[Items from a data source]

····················

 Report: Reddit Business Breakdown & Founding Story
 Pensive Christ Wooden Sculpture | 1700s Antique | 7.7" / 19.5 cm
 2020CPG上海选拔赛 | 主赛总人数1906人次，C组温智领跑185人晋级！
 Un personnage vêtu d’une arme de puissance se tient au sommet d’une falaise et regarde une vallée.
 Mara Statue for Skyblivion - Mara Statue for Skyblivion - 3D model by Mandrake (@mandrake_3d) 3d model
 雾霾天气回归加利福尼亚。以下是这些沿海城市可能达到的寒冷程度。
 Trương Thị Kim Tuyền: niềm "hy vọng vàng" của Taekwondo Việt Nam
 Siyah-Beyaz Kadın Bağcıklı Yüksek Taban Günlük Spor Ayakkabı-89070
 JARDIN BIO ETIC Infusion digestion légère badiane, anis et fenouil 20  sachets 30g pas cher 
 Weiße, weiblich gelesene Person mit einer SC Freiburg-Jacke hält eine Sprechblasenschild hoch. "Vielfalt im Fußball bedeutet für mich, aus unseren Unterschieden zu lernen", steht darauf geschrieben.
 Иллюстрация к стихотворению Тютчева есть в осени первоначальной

····················

**WHAT THE TASK REQUIRES:** Transcribe the records from their first line. Stop after the line with "JARDIN BIO ETIC", including it.

**EXERCISE RESPONSE:**
 Report: Reddit Business Breakdown & Founding Story
 Pensive Christ Wooden Sculpture | 1700s Antique | 7.7" / 19.5 cm
 2020CPG上海选拔赛 | 主赛总人数1906人次，C组温智领跑185人晋级！
 Un personnage vêtu d’une arme de puissance se tient au sommet d’une falaise et regarde une vallée.
 Mara Statue for Skyblivion - Mara Statue for Skyblivion - 3D model by Mandrake (@mandrake_3d) 3d model
 雾霾天气回归加利福尼亚。以下是这些沿海城市可能达到的寒冷程度。
 Trương Thị Kim Tuyền: niềm "hy vọng vàng" của Taekwondo Việt Nam
 Siyah-Beyaz Kadın Bağcıklı Yüksek Taban Günlük Spor Ayakkabı-89070
 JARDIN BIO ETIC Infusion digestion légère badiane, anis et fenouil 20  sachets 30g pas cher 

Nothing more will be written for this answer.